Sarah Pierce, director of social policy at the ‍center-left group Third Way, said US businesses have been reluctant to push back on Trump’s immigration crackdown in the past year but could be prompted to speak up if the focus turns to employers.
Pierce said it will be interesting to see “whether or not businesses finally stand up to this administration.”
Trump, a Republican, recaptured the White House promising record levels of deportations, saying it was needed after years of high levels of illegal immigration under his Democratic predecessor, Joe Biden. He kicked off a campaign that dispatched federal agents to ​US cities in search of possible immigration offenders, sparking protests and lawsuits over racial profiling and violent tactics.
Some businesses shut down to avoid raids or because of a lack of customers. Parents vulnerable to arrest kept their children home from school or had neighbors ⁠walk them. Some US citizens started carrying passports. Despite the focus on criminals in its public statements, government data shows that the Trump administration has been arresting more people who have not been charged with any crimes beyond their alleged immigration violations than previous administrations.

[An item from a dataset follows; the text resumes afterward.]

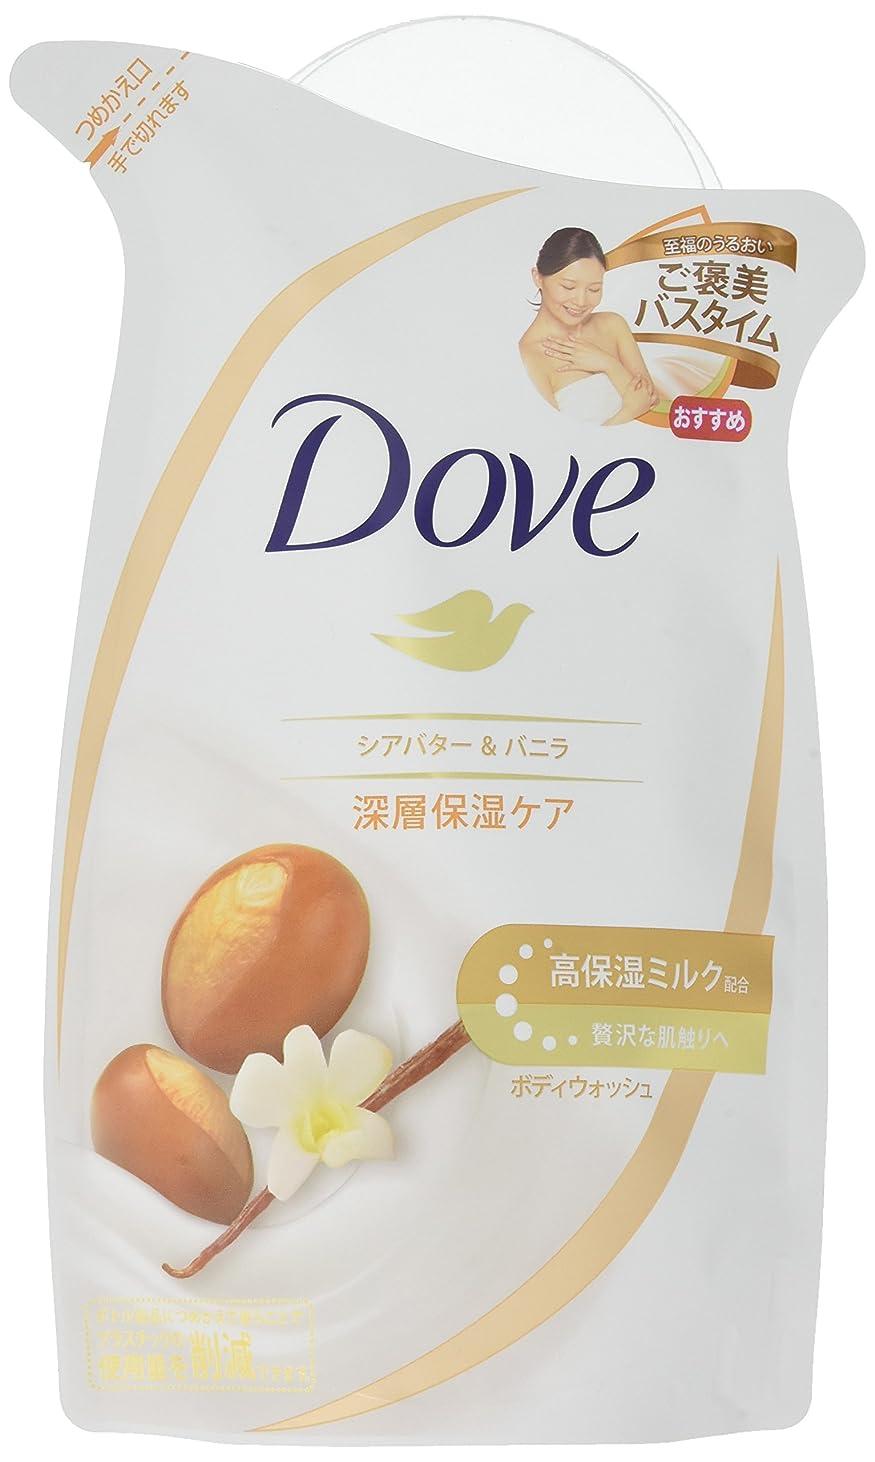 シガレット反映する状態Dove ダヴ ボディウォッシュ シアバター & バニラ つめかえ用 340g×4個

Some 41 percent of the roughly 54,000 people arrested by ICE and detained by late November had no criminal record beyond a suspected immigration violation, agency figures show. In the first few weeks in January, before Trump took office, just 6 percent of those arrested and detained by ICE were not facing charges for other crimes or previously convicted. The Trump administration has taken aim at legal immigrants as well. Agents have arrested spouses of US citizens at their green card interviews, pulled people from certain countries out of their naturalization ceremonies, moments before they were to become citizens, and revoked thousands of student visas.
PLANS TO TARGET EMPLOYERS
The administration’s planned focus on job sites in the coming year could generate many more arrests and affect the US economy and Republican-leaning business owners.
Replacing immigrants arrested during workplace raids could lead to higher labor costs, undermining Trump’s fight against inflation, which analysts expect to be a major issue in the closely watched November elections, determining control of Congress. Administration officials earlier this year exempted such businesses from enforcement on Trump’s orders, then quickly reversed, Reuters reported at the time.
Some immigration hard-liners have ‌called for more workplace enforcement.
“Eventually you’re going to have to go after these employers,” said Jessica Vaughan, policy director for the Center for Immigration Studies, which backs lower levels of immigration. “When that starts happening the employers will start cleaning up their acts on their own.”